On 11/20/14 5:30 PM, Jerry Quinn wrote:
Steven Schveighoffer <[email protected]> writes:
On 11/18/14 9:46 PM, deadalnix wrote:
After all, unless your hash table is very small, the first hit is
most likely a cache miss, meaning ~300 cycles. at this point the
cache line is in L1, with a 3 cycle access time. So accessing
several element in the same cache line is often preferable.
In the case of AAs, all bucket elements are pointers, so this point is moot
for our purposes -- one may have to jump outside the cache to find the first
element. A good improvement (this is likely to come with a full library type)
is to instead store an inline element for each bucket entry instead of just a
pointer to an element. I recall when writing dcollections, this added a
significant speedup.
This works nicely for small types, but has gotchas. For example, if
you've got an AA of ints, what value indicates that this is a value
folded into the bucket entry vs actually being a pointer?

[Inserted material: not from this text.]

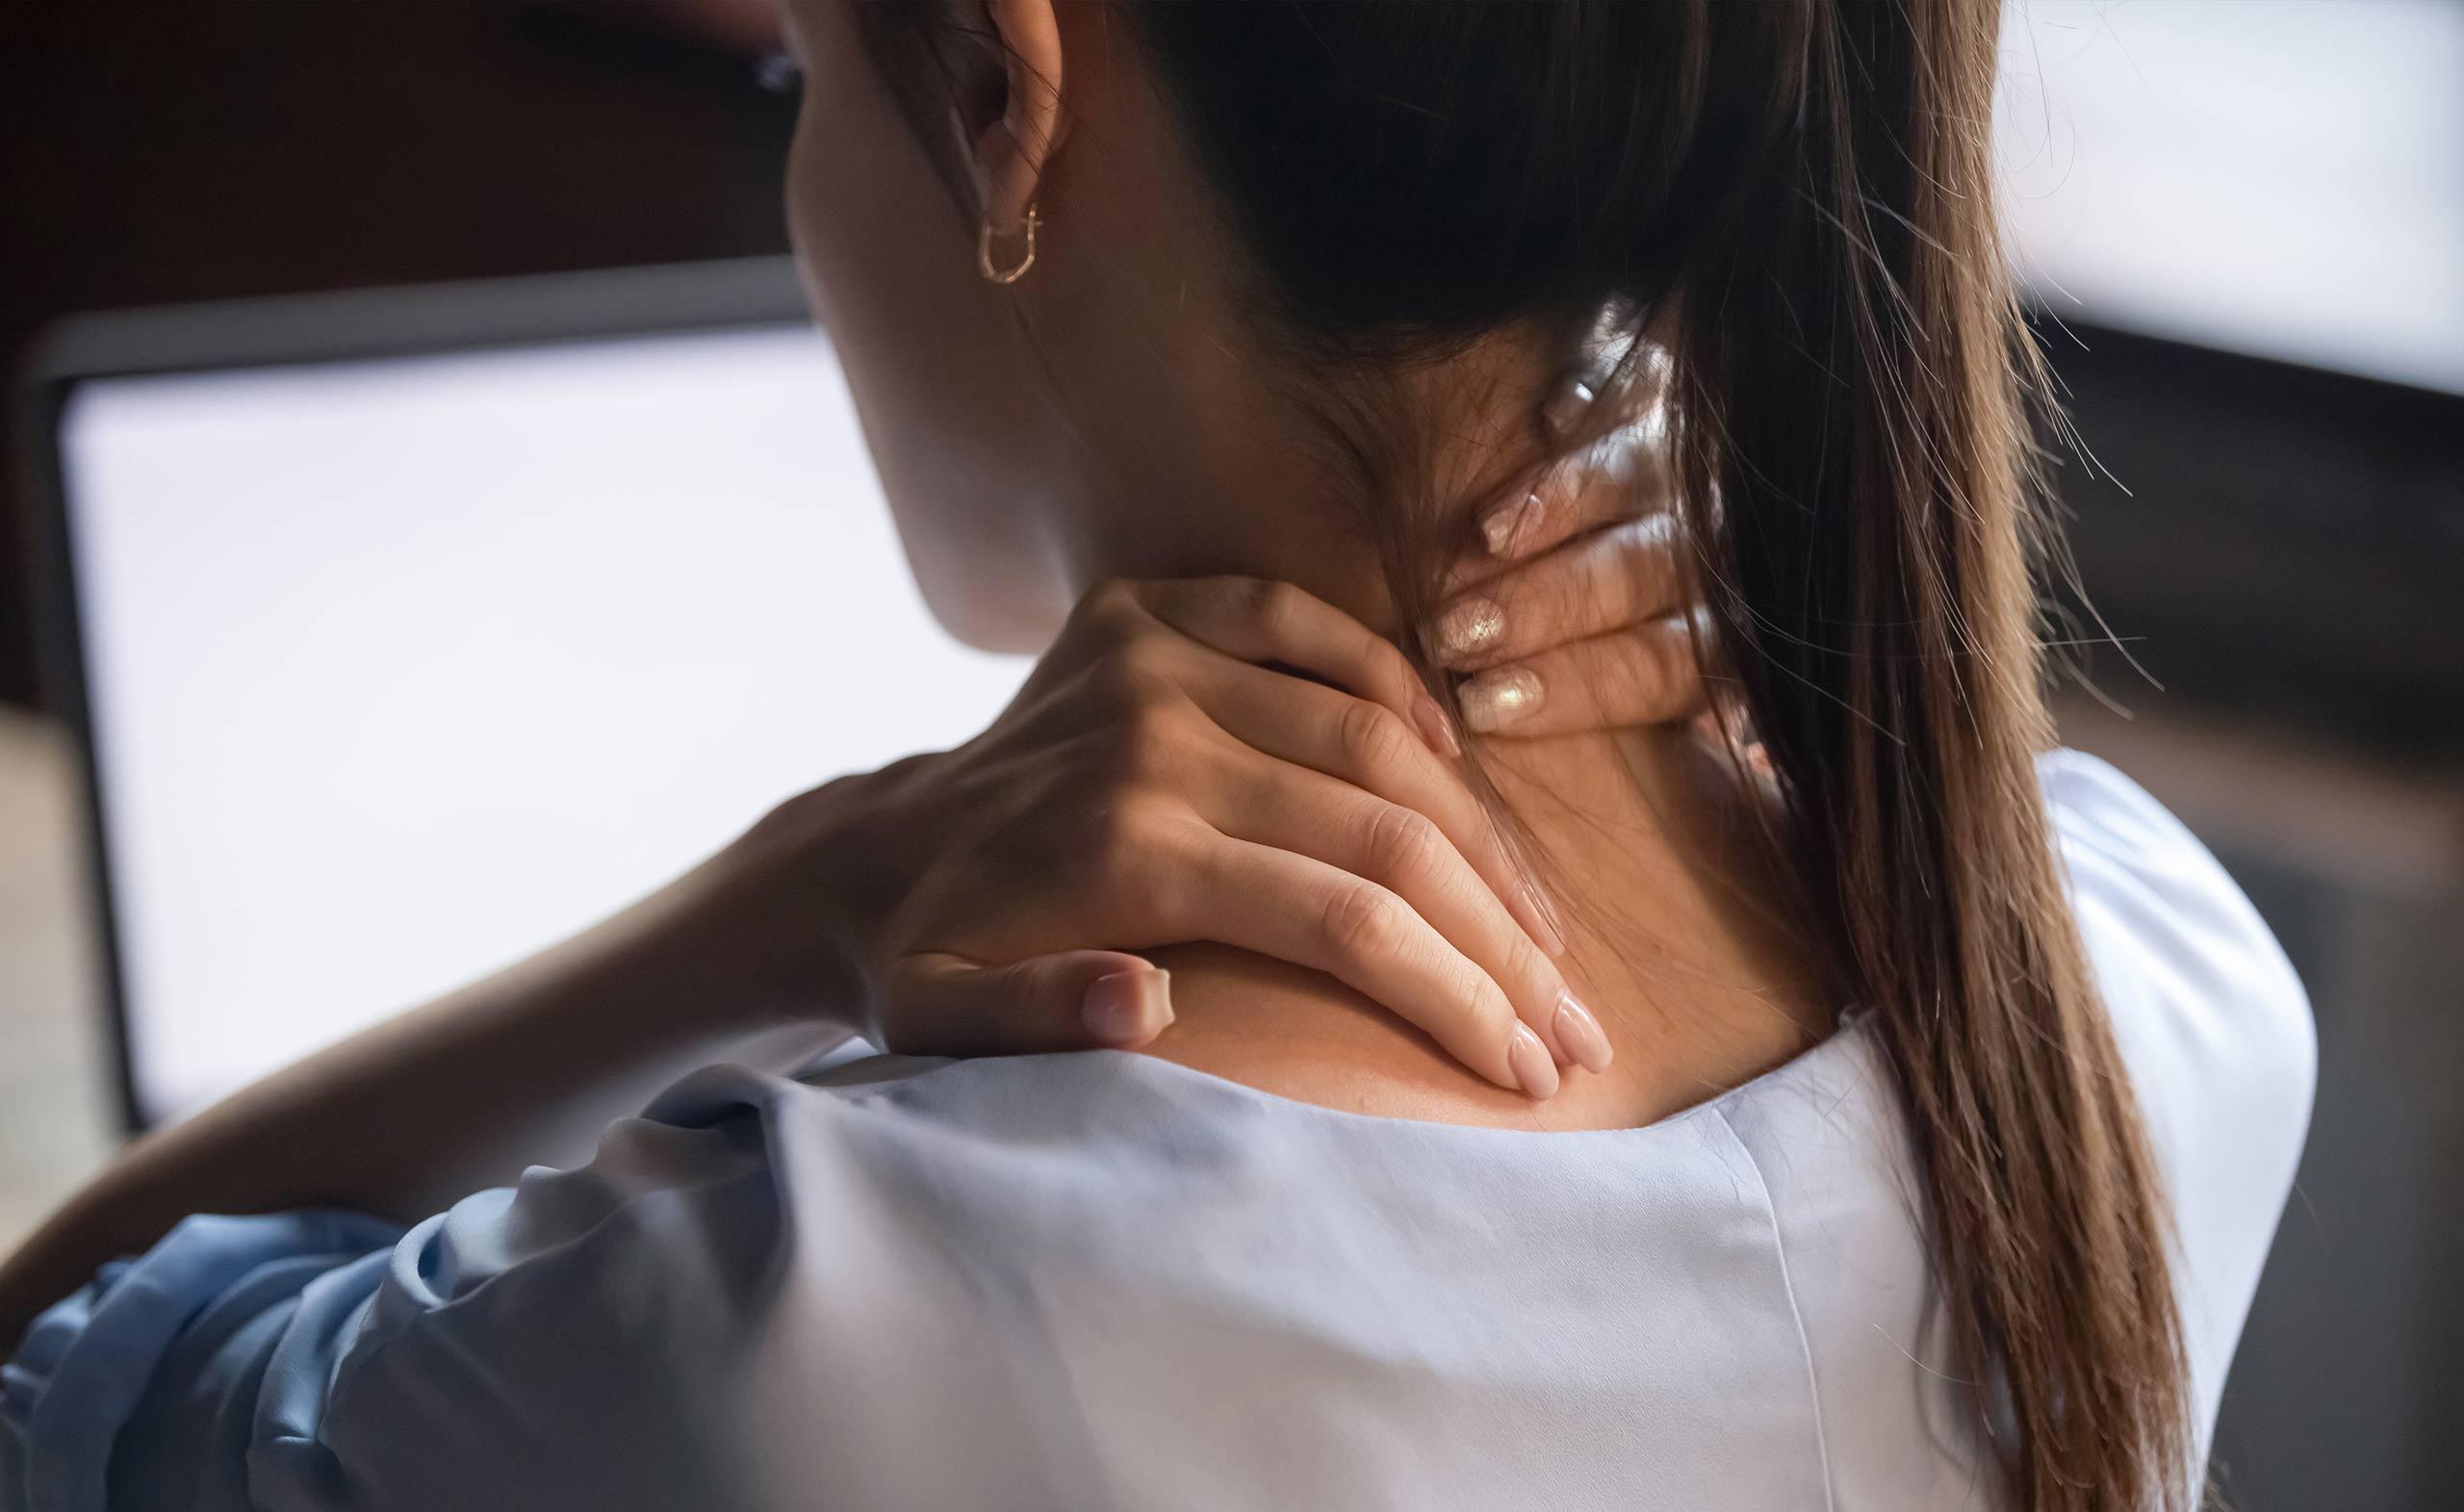 dolore-cronico-durante-la-pandemia

You'll need
extra space to make sure it's safe. Alignment is another concern.
Let's say you have bool for the entry/element flag. With ints you've
doubled the size of the bucket array.
Hm.. the bucket entry will simply be what a node is now. You are
actually saving space, because you don't need to store that extra
pointer to the first node.
Where it gets dicey is when you rehash. Some of the nodes will be moved
into the bucket space, some will move out of it. But I don't think it's
a big deal, as a rehash doesn't happen very often.
If you have large objects as the elements, you'll waste space. Probably
the implementation needs to be switchable depending on the size of the object.
Yes, this is also a concern. This almost necessitates a minimum load as
well as a maximum.
As an aside, I find it invaluable to have statistics about hash table
buckets, ala C++11. When building custom hash functions and hash table
implementations, it's almost necessary.
I'd like to see bucket stats available in some manner for built-in AAs.
If they're going away for a library type, we should have such stat info
as part of the API.
Absolutely all of this could be added to a library type.
-Steve